Кан Ювэй посерьезнел, протянул посыльному монету в десять лян и принял свернутый в несколько раз листок.
– Денег не надо, – сунул ему монету назад парень, – мне уже все оплатили.
Кан Ювэй хмыкнул, проводил посыльного долгим взглядом и плотно притворил дверь. Быстро прошел в кабинет и расположился у окна.
«Мой друг, ваше дело состоялось, – пробежал он глазами по иероглифам сверху вниз, – аудиенция назначена на сегодня. Надеюсь, что двух часов вам хватит». Подписи не было.
Сердце Кан Ювэя подпрыгнуло и заколотилось в два раза чаще.
«Ваше дело состоялось… – как зачарованный повторял он. – Ваше дело состоялось…»
Это было похоже на сон.
Он увидел, что мир един и разделять его на Европу и Азию, Африку и Америку не просто глупость – грех! Он увидел, что и человеческая история так же едина, как бы ни пытались придворные схоласты объявить историю Европы варварской, а историю Китая – священной. Но главное, он до мельчайших деталей осознал, как именно исказили Конфуция те, кто его не понял.
Теперь Кан Ювэй искренне удивлялся, как можно было проглядеть тот факт, что Конфуций – самый величайший реформатор Вселенной, – по сути, всегда говорил об одном: вечные, беспрерывные реформы и есть – Путь Неба. Впрочем, факт остается фактом: Конфуция не только не поняли; его еще и весьма неумело «подправили».
Делали это не слишком дальновидные люди, и за несколько лет упорного труда Кан Ювэй дотошно показал, как именно и зачем были сфальсифицированы «древние» рукописи, а вместе с ними и вся философская мысль Поднебесной. И вот из этого неизбежно следовали кое-какие выводы.
Первым делом нам следовало перестать важничать и крайне внимательно изучить опыт административных реформ других стран, и особенно методы в той же области русского царя Петра 1 – у него и теперь было чему поучиться.
Во-вторых, Поднебесной не следовало бояться повторить успешный опыт экономических реформ японской династии Мэйдзи, развивающей свою маленькую островную страну примерно в 8—10 раз интенсивнее, чем даже Россия, и раз в 50 быстрее Китая.
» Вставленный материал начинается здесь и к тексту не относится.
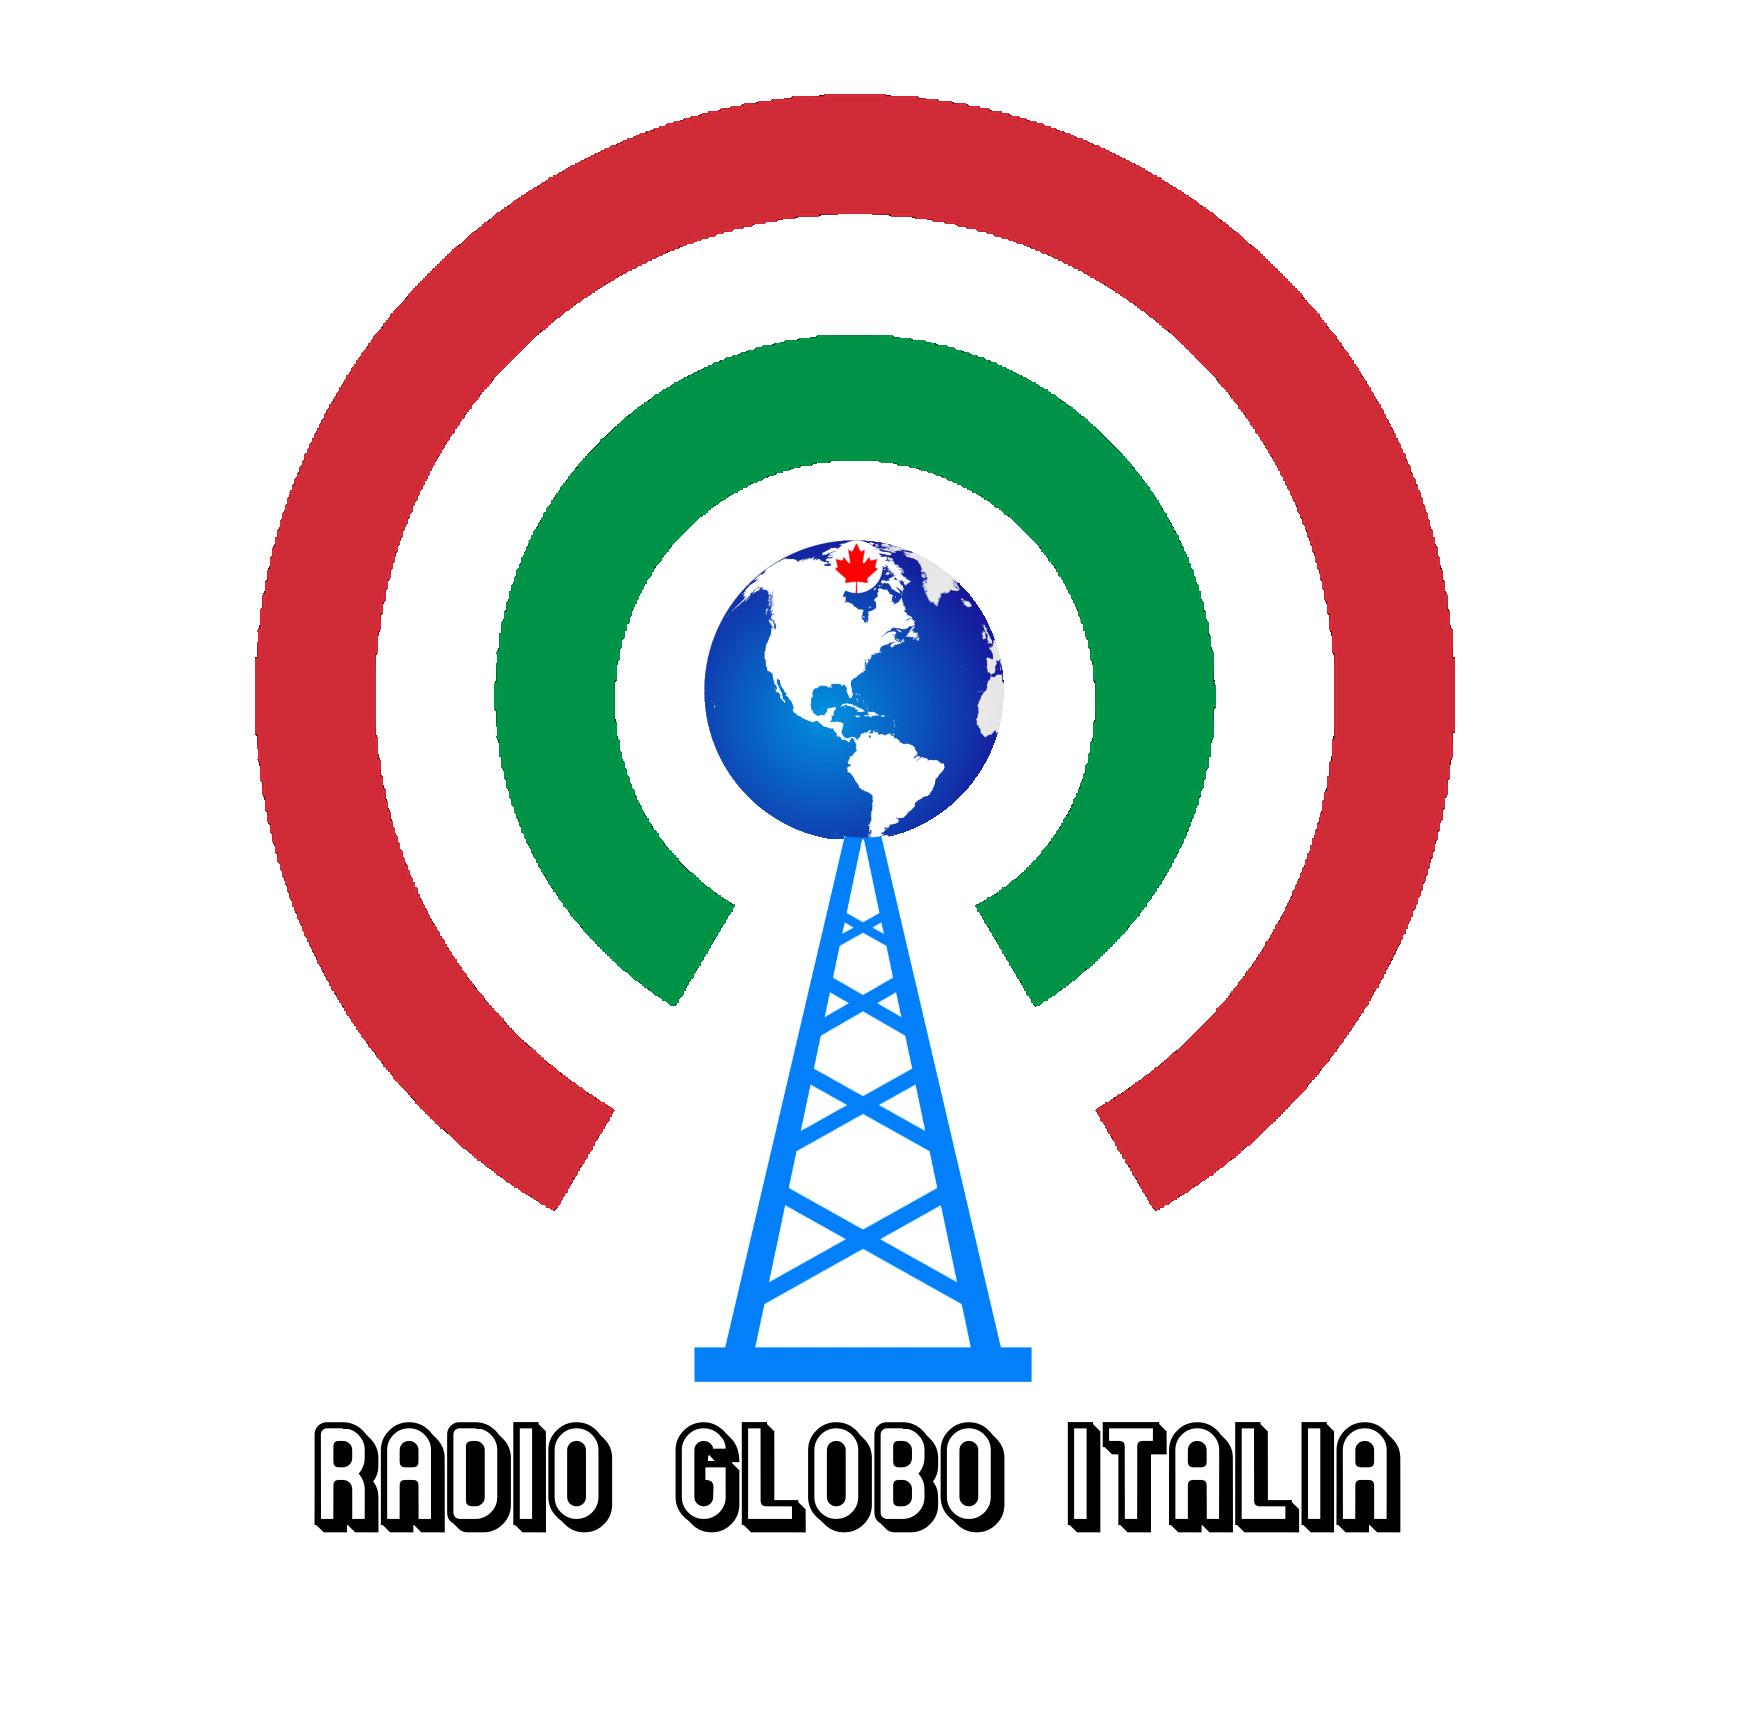 Radio Globo Italia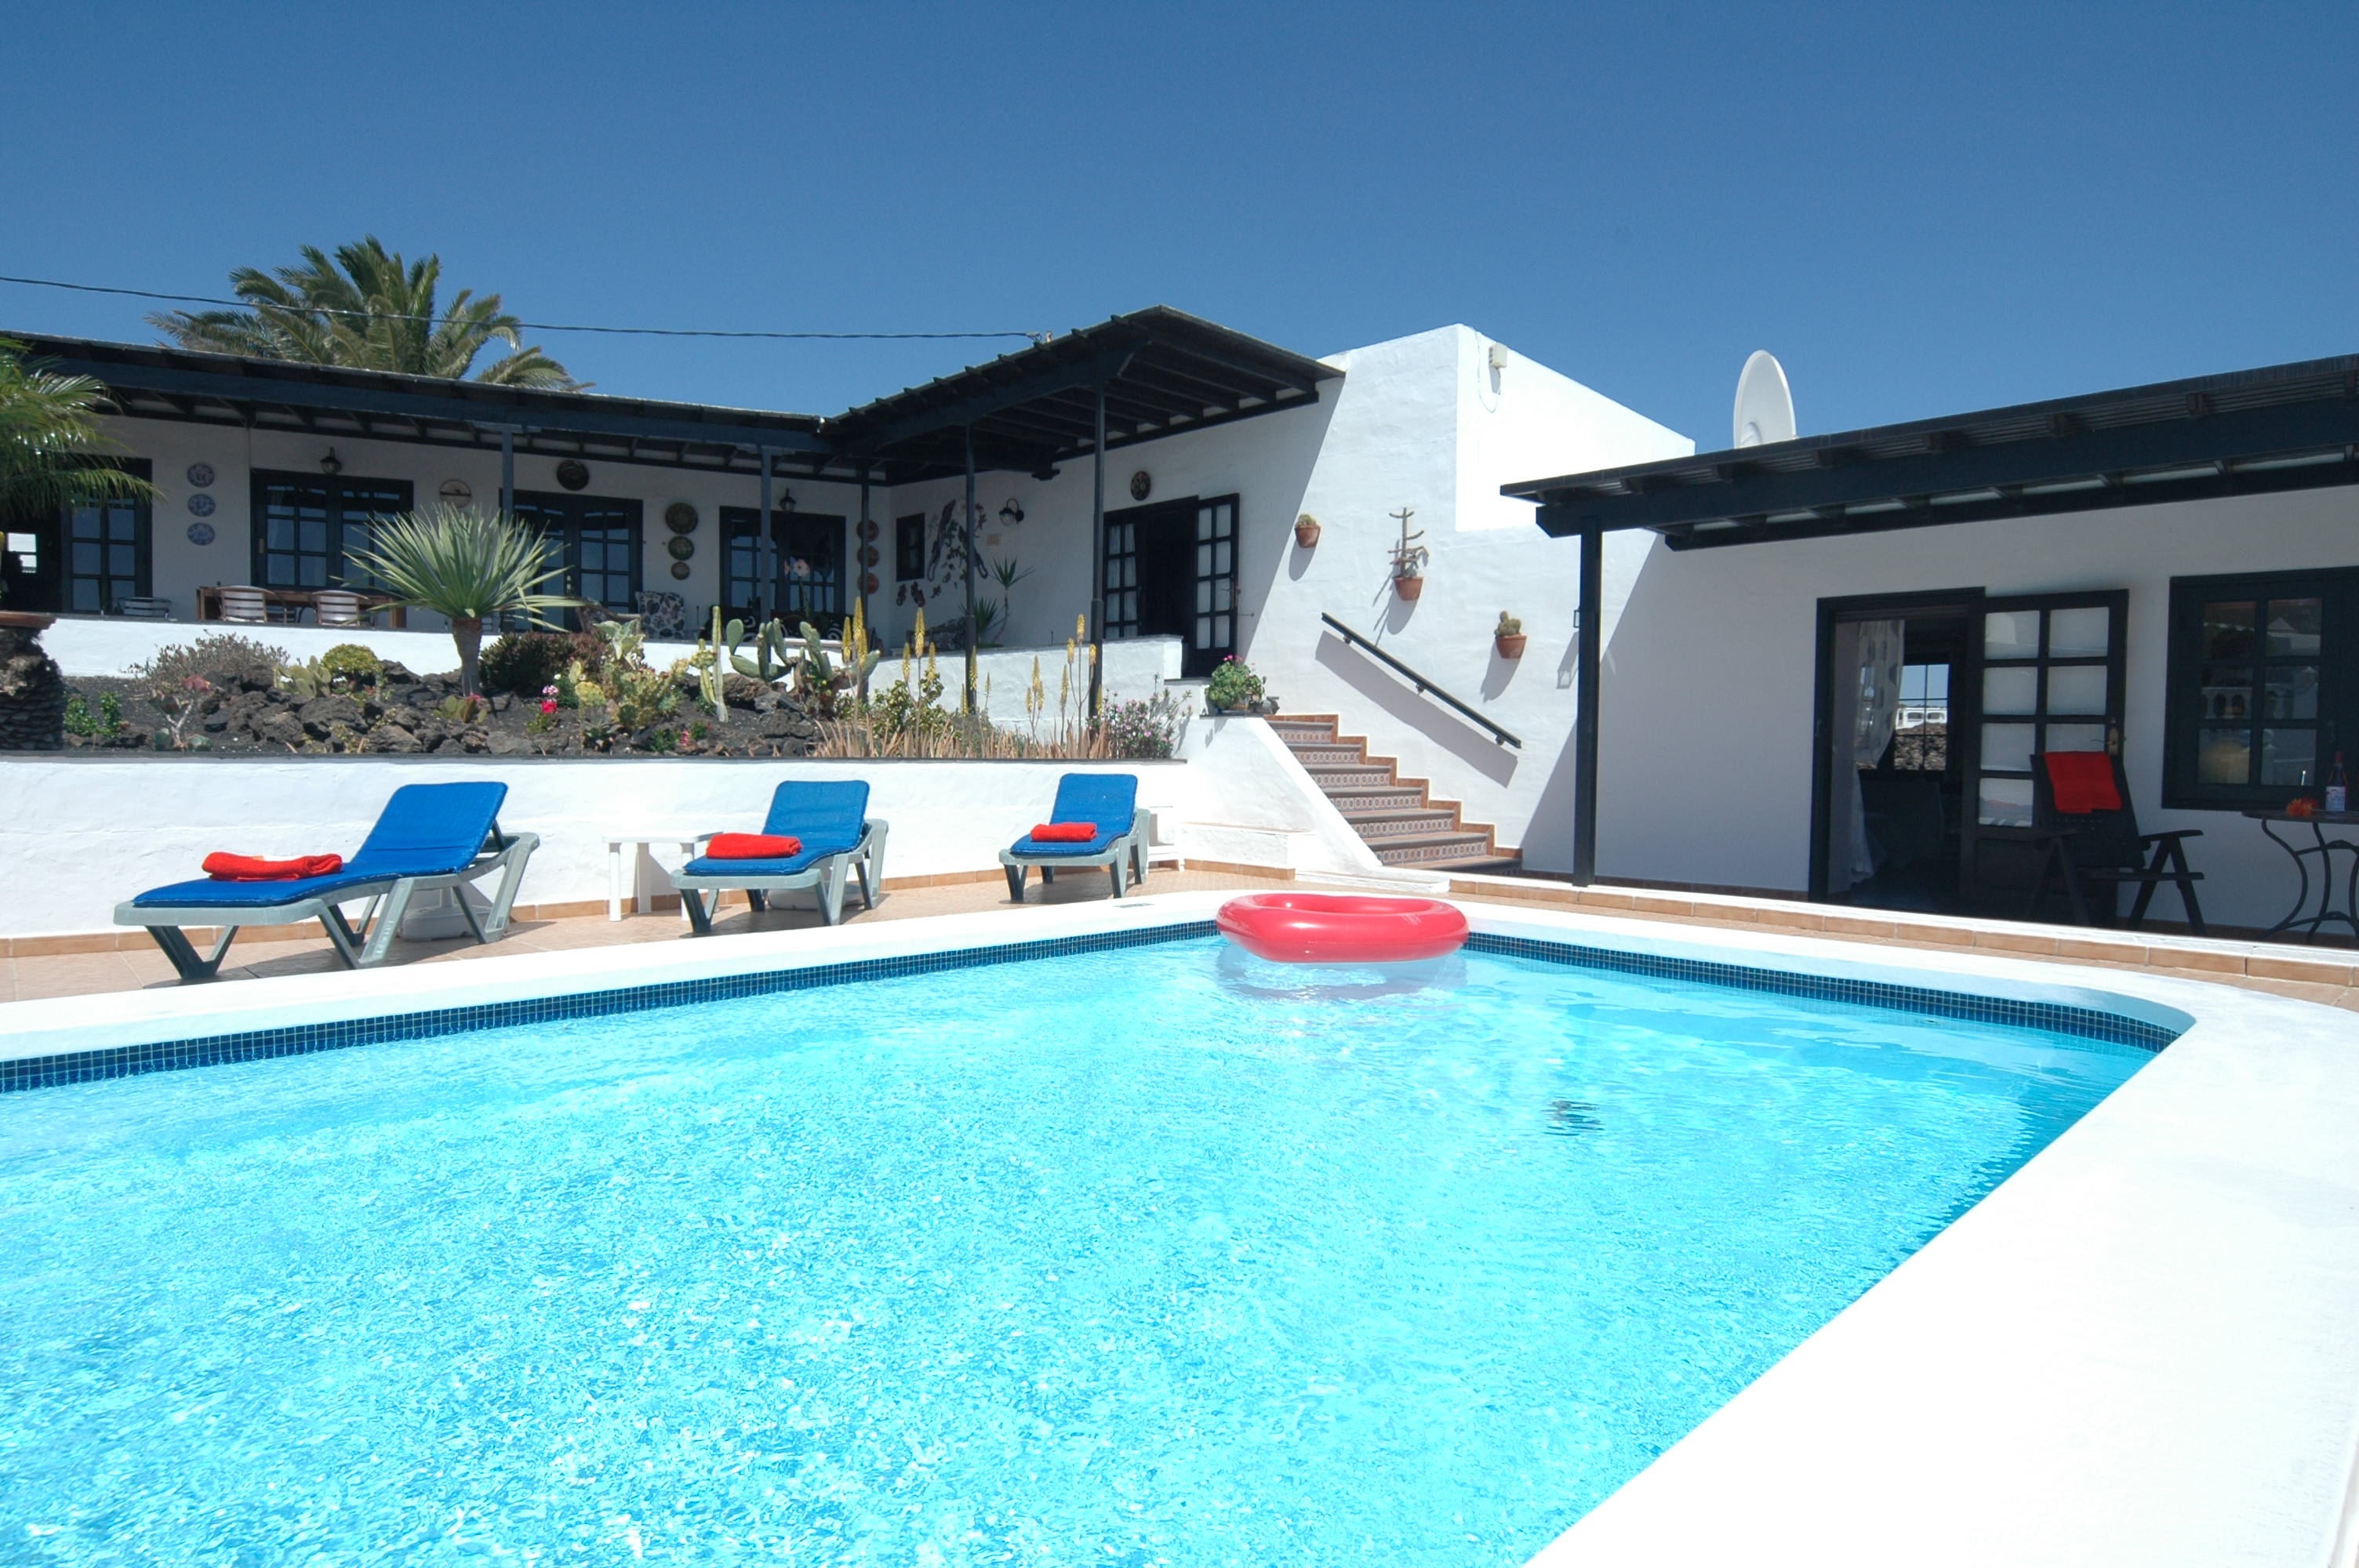 LVC198622 Villa and pool

И, в-третьих, Кан Ювэй с математической точностью доказал, что Поднебесной необходимо срочно основать новую китайскую колонию на территории нынешней Бразилии – так же, как это сделала в свое время Британия в Северной Америке, а Россия – в Сибири. Иначе можно опоздать… и надолго. Понятно, что сделать это можно было, только поняв истинную суть мудрости Конфуция. Каждый житель Поднебесной должен был назубок выучить все шесть источников человеческих страданий, начиная с семи типов природных причин, таких как реинкарнация, жизнь на границе страны, а также бытие в облике варвара, раба или женщины. И уж тем более каждый человек должен был осознать, что нынешнее мироустройство не вечно и не за горами то время, когда наступит Великое Единение – Датун.
Именно тогда наконец исчезнут нации и расы, титулы и чины, страны и войны, а Единое Мировое правительство будет усердно заниматься улучшением жизни и поощрять проявления основных конфуцианских добродетелей – мудрости и гуманности.
Кан Ювэй улыбнулся; он уже представлял себе, как наиболее достойные аристократы начнут отказываться от прав наследования и раздавать родительские поместья и дворцы бедным. Главное, правильно им все объяснить!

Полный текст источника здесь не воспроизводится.